● Raw data
━━━━━━━━━━━━━━━━
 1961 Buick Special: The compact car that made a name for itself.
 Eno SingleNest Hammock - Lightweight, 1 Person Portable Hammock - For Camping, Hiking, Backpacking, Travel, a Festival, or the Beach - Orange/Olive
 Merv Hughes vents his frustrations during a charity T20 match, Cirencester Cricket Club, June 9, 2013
━━━━━━━━━━━━━━━━
● Directions for this task
Put down all the data once more, exactly as it appears above.

● Result of this exercise
 1961 Buick Special: The compact car that made a name for itself.
 Eno SingleNest Hammock - Lightweight, 1 Person Portable Hammock - For Camping, Hiking, Backpacking, Travel, a Festival, or the Beach - Orange/Olive
 Merv Hughes vents his frustrations during a charity T20 match, Cirencester Cricket Club, June 9, 2013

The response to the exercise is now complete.